3. the limbs exchange method based on visual human as described in claim 1, which is characterized in that further include：

It is not approve the multi-modal number for being intended to be exported to the visual human as user by the negative interaction intention assessment According to disagree feedback；

Or,

It is special intention that the negative, which is interacted intention assessment, based on the multi-modal data that the visual human has exported, wherein It is described special to be intended to indicate user and greet or bid farewell to the visual human.

4. the limbs exchange method based on visual human as claimed in claim 3, which is characterized in that detected by visual capacity And extract in the step of action of waving in the multi-modal interaction data is intended to as negative interaction, further include：Based on described Do not approve the preference data for being intended to storage for the user.

5. the limbs exchange method based on visual human as described in any one of claim 1-4, which is characterized in that described virtual People receives the multi-modal interaction data provided for the multi-modal data from multiple users, identifies the multiple user In main users, and the limb action of the main users is detected；

Or,

6. the limbs exchange method based on visual human as described in any one of claim 1-4, which is characterized in that when described more When in mode interaction data including voice data or expression data, action of waving according to described in is intended to as negative interaction, above Step also includes：

Parse the voice data or the expression data, judge the voice data or the expression data with it is described wave it is dynamic Whether the intention of work meets；

If not meeting, the action of waving is intended to as negative interaction.

7. the limbs exchange method based on visual human as described in any one of claim 1-4, which is characterized in that when by regarding Feel ability detects wave action and the face and when headwork of user, preferentially using the face and headwork as no Fixed interaction is intended to.

8. a kind of program product, it includes for executing a series of of the method and step as described in any one of claim 1-7 Instruction.

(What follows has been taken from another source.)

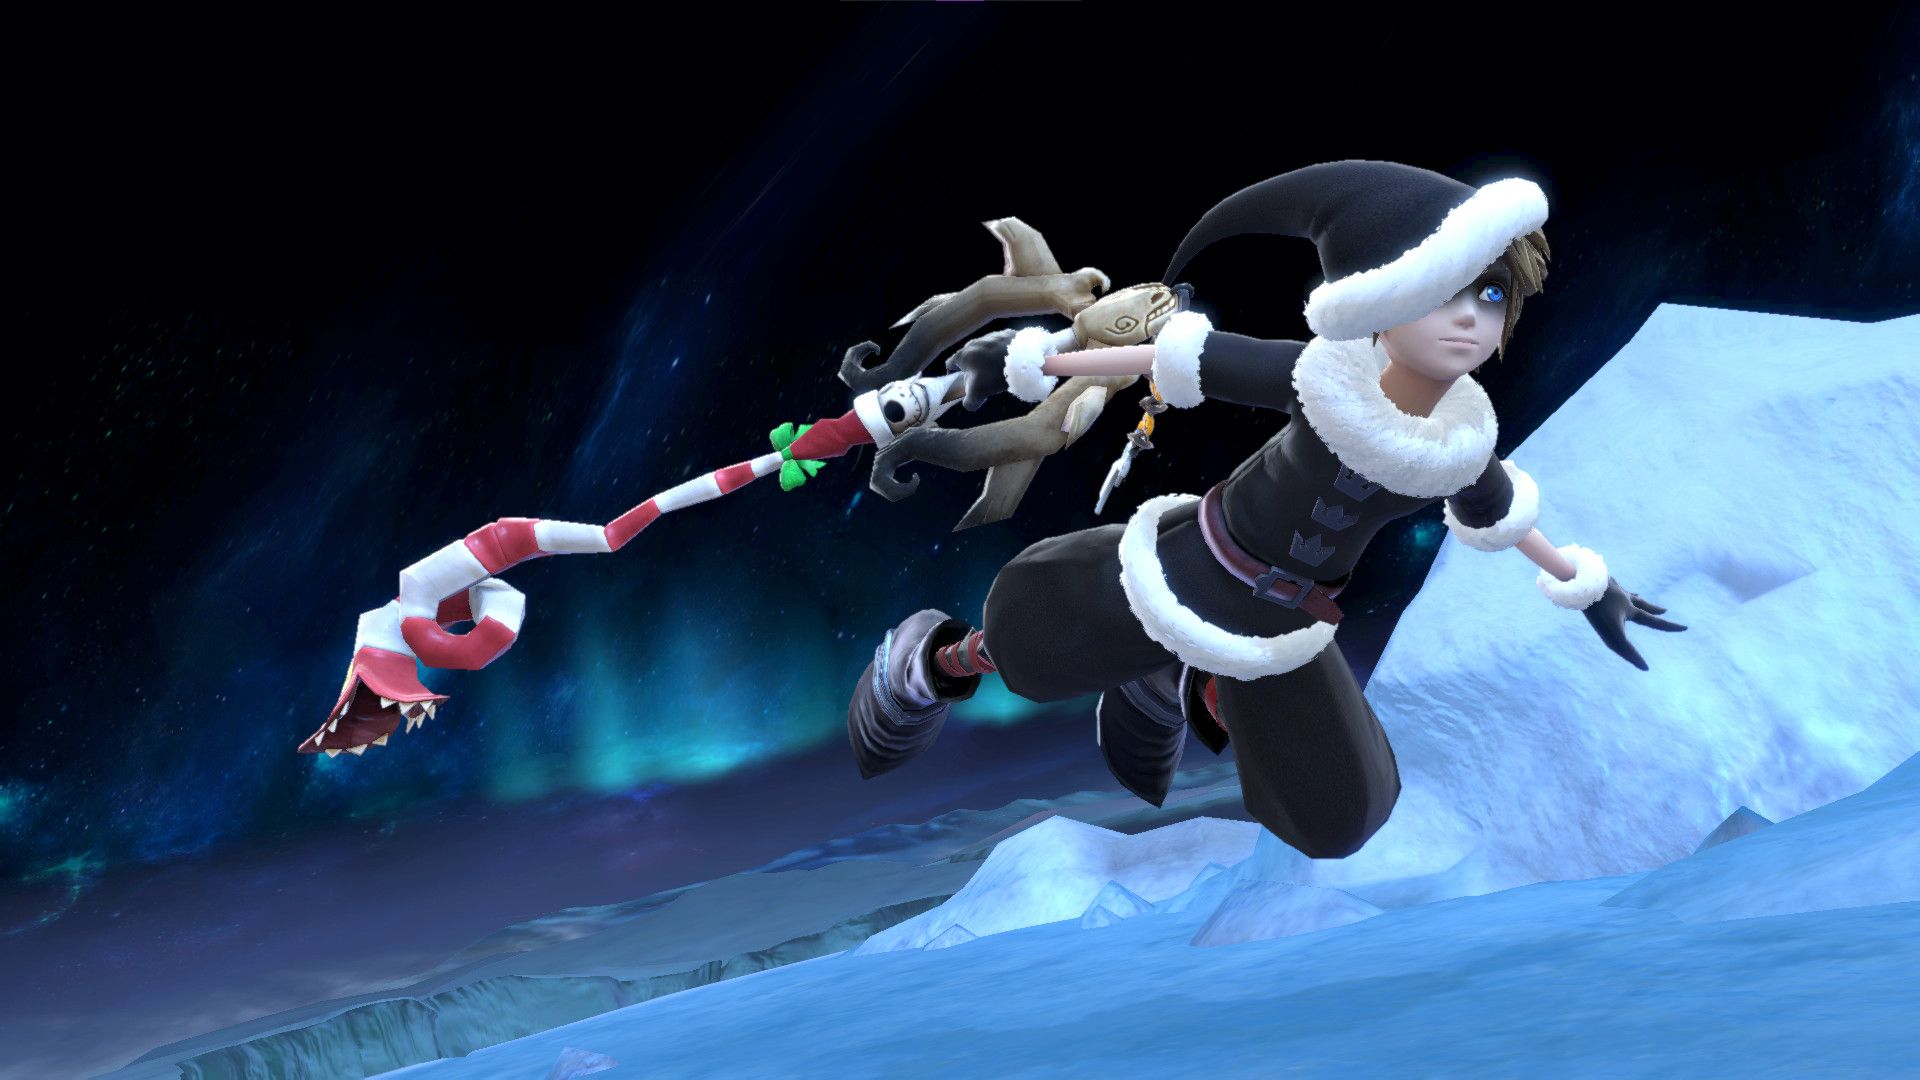 Kingdom Hearts 2 Sora Christmas Town Outfit Modded Into Super Smash Bros Ultimate

9. a kind of visual human, which is characterized in that the visual human has specific virtual image and preset attribute, using such as right It is required that the method described in any one of 1-7 carries out multi-modal interaction.

10. a kind of limbs interactive system based on visual human, which is characterized in that the system includes：

Smart machine is mounted with visual human as claimed in claim 9 thereon, for obtaining multi-modal interaction data, and has Natural language understanding, visual perception, the ability for touching perception, language voice output, emotional facial expressions action output；

High in the clouds brain is used to carry out semantic understanding, visual identity, cognition calculating and emotion to the multi-modal interaction data It calculates, multi-modal interaction data is exported with visual human described in decision.